Also called: Antipsoriatics

- Summary
- About psoriasis medications
- Types and differences
- Conditions of concern
- Potential side effects
- Drug interactions
- Symptoms of overdose
- Pregnancy use issues
- Child use issues
- Elderly use issues
- Questions for your doctor

Reviewed By:
Mary Ellen Luchetti, M.D., AAD

Pregnancy use issues

All women who are or may become pregnant should discuss the use of any psoriasis medication with their physician. Many psoriasis medications should not be used by women who are or may become pregnant. This is particularly true of oral retinoids, methotrexate and PUVA phototherapy. These are absolutely not recommended for pregnant women because of a very high risk of miscarriage or severe birth defects. The Food and Drug Administration (FDA) strictly monitors many of these medications and may require women to have two negative pregnancy tests prior to receiving a prescription.

In addition, women may be required to have monthly pregnancy tests throughout the course of isotretinoin treatment. Some of these medications (e.g., the retinoid etretinate) may remain in the system for a very long time, requiring adequate contraception for as long as two or three years following therapy. These medications are also not recommended when breastfeeding.

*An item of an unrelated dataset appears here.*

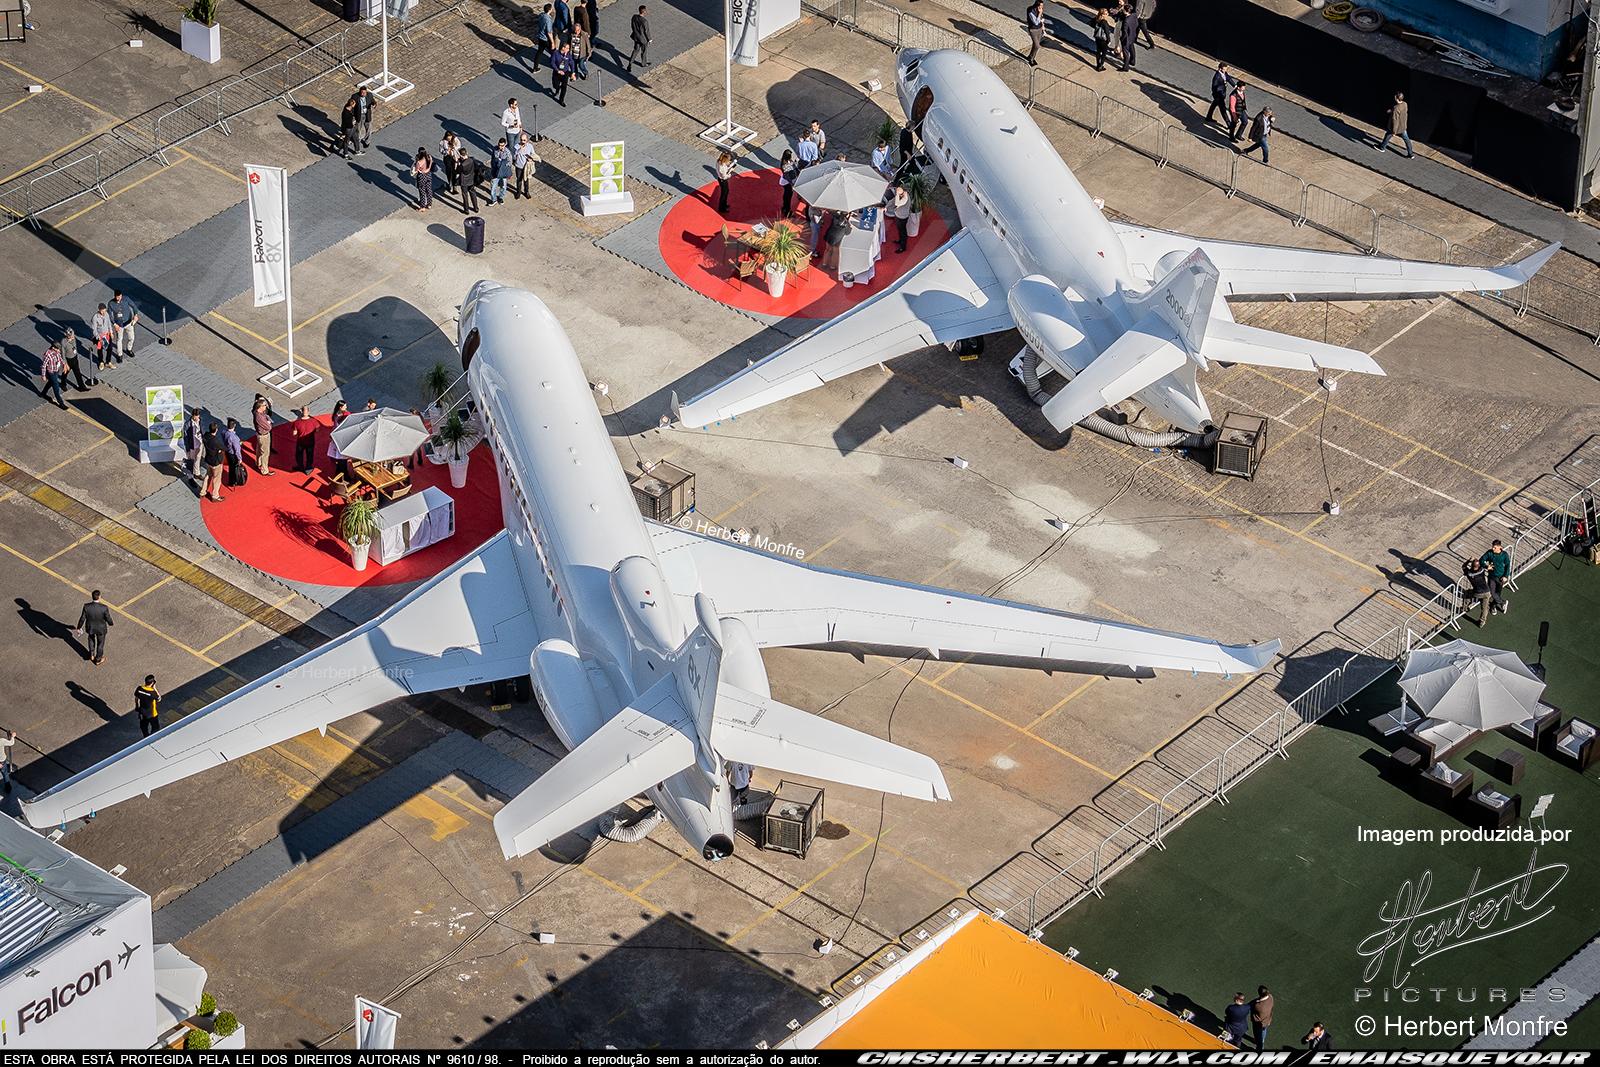 Falcon 8X | N8X | Foto © Herbert Monfre - Contrate o fotógrafo em cmsherbert@hotmail.com | by É MAIS QUE VOAR | LABACE 2019

Topical retinoids are typically not recommended for women who are or may become pregnant. Certain topical retinoids, including tazarotene, must not be used in pregnancy.

The safety of many other psoriasis medications (e.g., anthralin, corticosteroids, vitamin D analogs) during pregnancy has not been established. Because of this, these medications are not recommended for women who are or may become pregnant. Most of these medications may also be excreted in breast milk, so they are not recommended for women who are breastfeeding.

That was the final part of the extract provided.